What is required: Find every line in the records below that holds the word "Luxury", and copy it out.

(Records from a data source)
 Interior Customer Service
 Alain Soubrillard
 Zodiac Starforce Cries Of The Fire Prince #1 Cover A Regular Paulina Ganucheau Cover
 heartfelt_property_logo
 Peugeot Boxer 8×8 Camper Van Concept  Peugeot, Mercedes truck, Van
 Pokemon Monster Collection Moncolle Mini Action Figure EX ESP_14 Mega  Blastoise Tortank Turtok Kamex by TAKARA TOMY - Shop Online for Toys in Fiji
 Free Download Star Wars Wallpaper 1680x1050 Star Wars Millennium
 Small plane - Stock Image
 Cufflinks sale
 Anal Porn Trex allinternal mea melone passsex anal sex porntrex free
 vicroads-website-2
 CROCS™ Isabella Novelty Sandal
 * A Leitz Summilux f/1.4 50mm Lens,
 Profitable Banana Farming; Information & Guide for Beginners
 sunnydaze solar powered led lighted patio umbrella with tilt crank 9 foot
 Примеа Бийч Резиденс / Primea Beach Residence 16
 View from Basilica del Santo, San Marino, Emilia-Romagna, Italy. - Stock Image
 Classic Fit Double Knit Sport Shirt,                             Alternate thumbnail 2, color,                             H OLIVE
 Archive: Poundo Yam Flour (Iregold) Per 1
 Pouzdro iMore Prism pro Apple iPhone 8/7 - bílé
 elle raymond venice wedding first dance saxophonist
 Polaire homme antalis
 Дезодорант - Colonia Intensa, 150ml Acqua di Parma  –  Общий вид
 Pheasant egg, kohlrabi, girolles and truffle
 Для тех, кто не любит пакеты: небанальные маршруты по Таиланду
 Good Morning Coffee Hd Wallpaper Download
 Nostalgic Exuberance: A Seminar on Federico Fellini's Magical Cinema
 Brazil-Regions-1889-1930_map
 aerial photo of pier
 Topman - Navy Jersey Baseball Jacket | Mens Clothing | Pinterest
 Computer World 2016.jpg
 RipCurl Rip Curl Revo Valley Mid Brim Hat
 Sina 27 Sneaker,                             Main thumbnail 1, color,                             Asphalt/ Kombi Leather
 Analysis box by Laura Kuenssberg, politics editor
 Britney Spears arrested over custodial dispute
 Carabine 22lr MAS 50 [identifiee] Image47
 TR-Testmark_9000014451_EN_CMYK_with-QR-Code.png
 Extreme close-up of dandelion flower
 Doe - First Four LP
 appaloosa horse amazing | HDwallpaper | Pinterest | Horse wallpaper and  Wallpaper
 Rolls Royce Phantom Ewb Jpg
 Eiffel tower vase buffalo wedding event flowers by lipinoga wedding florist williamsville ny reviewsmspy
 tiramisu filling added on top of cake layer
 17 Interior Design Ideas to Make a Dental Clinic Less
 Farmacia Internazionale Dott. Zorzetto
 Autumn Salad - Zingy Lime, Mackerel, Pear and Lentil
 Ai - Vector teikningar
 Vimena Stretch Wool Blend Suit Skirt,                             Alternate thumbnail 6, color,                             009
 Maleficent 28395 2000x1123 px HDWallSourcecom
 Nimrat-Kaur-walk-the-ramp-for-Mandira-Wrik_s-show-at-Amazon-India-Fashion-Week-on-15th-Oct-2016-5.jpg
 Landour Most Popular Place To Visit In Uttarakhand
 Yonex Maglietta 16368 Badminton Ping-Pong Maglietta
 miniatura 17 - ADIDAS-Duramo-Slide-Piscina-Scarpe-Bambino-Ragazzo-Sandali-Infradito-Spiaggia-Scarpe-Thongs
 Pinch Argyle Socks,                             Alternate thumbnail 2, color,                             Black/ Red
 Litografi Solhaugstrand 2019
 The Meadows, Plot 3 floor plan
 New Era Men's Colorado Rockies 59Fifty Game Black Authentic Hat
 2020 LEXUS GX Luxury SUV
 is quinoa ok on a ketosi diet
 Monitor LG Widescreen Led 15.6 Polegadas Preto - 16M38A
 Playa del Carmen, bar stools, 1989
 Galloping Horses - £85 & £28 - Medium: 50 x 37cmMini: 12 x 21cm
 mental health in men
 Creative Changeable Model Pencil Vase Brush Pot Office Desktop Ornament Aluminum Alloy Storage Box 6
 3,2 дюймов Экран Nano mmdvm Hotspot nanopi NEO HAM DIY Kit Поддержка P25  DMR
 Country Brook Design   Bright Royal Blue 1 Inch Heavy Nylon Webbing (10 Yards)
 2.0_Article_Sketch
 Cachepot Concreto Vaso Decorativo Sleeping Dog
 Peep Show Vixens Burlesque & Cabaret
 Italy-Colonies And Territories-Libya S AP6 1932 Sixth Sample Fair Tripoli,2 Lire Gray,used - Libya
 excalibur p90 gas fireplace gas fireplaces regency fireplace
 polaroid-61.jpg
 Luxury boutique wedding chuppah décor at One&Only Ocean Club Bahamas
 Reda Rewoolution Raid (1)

Response:
 2020 LEXUS GX Luxury SUV
 Luxury boutique wedding chuppah décor at One&Only Ocean Club Bahamas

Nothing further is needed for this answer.